Many people start their day off wrong by eating foods high in fat, salt and sugar, nutritionists say. Here are some ways to change:
Check your cereal. Look for choices with at least five grams of fiber and no more than eight grams of sugar per serving. Note: Watch granola, which sounds healthy but can be high in fat and sugar.
Try new toppings. Instead of pouring regular syrup on pancakes or French toast, experiment with fresh fruit (or a 100 percent fruit spread), a little peanut butter or sugar-free syrup. Instead of cream cheese on bagels, try skim ricotta cheese or a thin layer of almond butter.
Beware of breakfast bars. Some have no more nutritional value than a candy bar. Check labels for sugar and calories, or substitute whole-grain toast with a 100 percent fruit spread. If you need something to go, one option is a trail mix of nuts, dried fruits and dry cereal.
Go wheat. Whole-wheat bread and small whole-grain bagels are healthier — and more filling — than doughnuts, pastries, croissants and biscuits.

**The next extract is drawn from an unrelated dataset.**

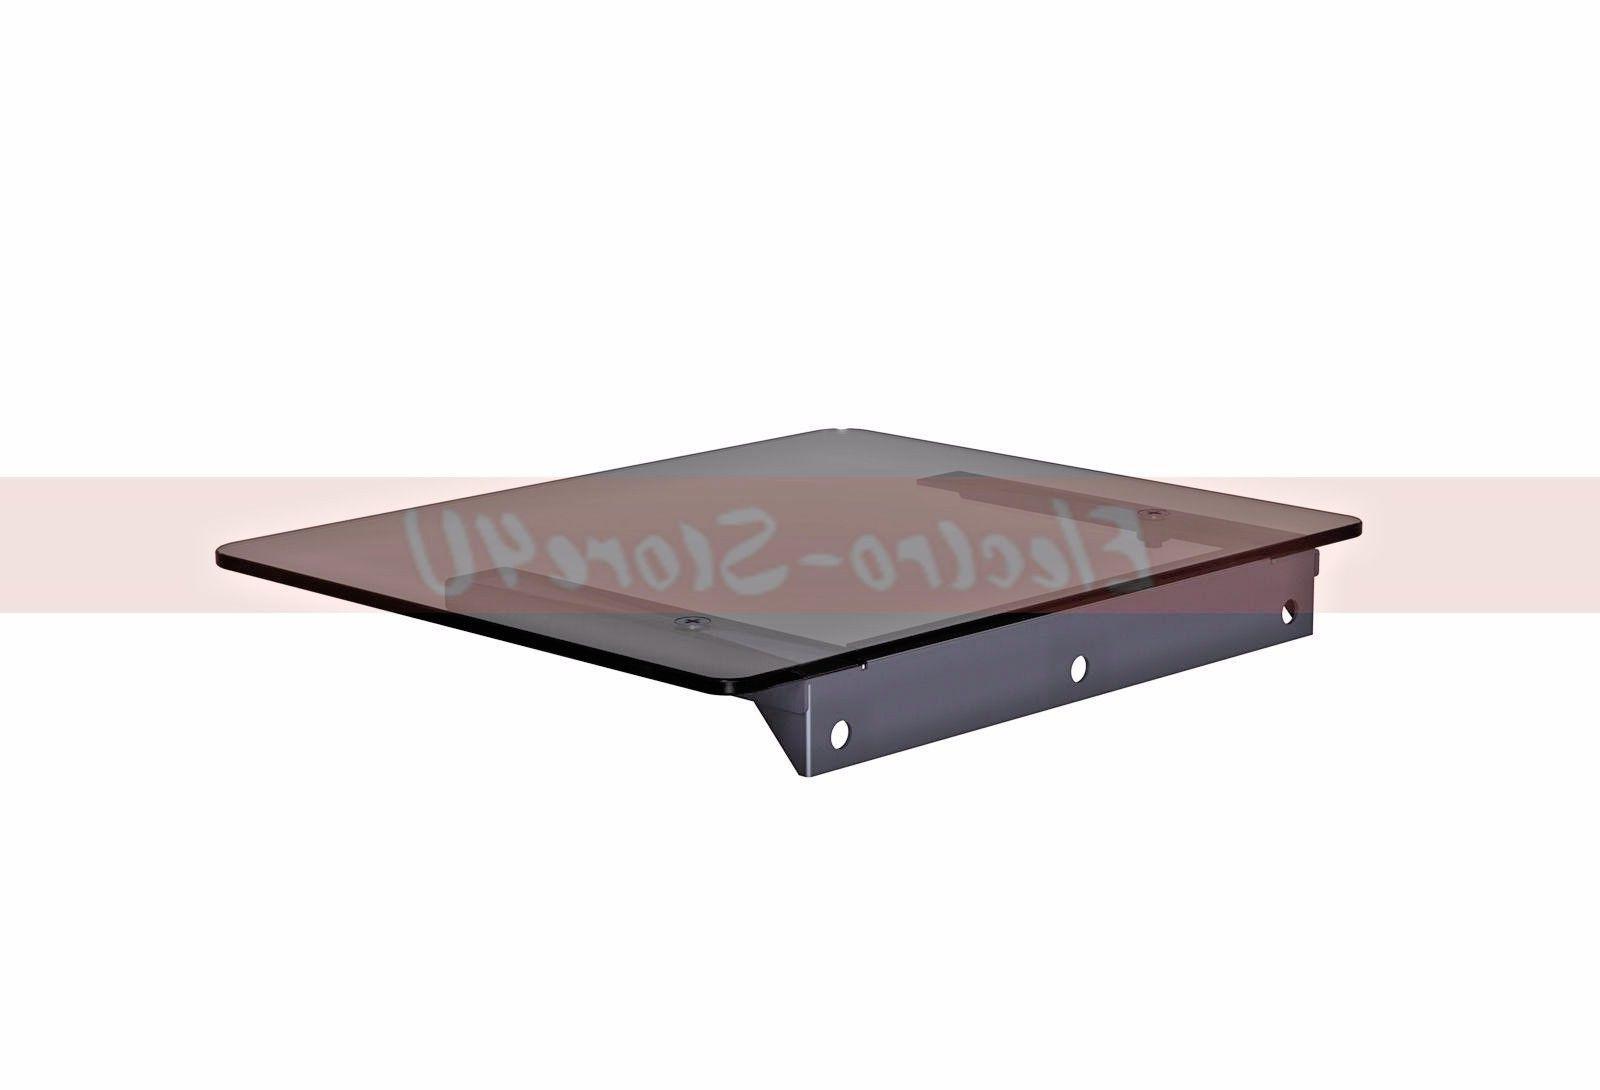 Floating Wall Mount TV AV Stand DVR PS XBOX

Substitute while cooking. If you’re making pancakes, use half whole-wheat flour and half white flour and add applesauce or grated fruit to the batter. For French toast, dip whole-grain bread into an egg substitute or a mixture of one whole egg and one to two egg whites (which also works for omelets).
Rethink meat. Most bacon and sausage is high in fat, salt and calories. Low-fat brands and turkey bacon and ham are better, but consider going meatless or opting for a nontraditional choice such as grilled chicken or salmon.
Add fruits and vegetables. Throw them in wherever you can, including omelets, cereal and yogurt.
Make smoothies. Rather than one big glass of juice, fill up by blending a half cup each of orange juice and plain low-fat yogurt with half a banana and some frozen berries.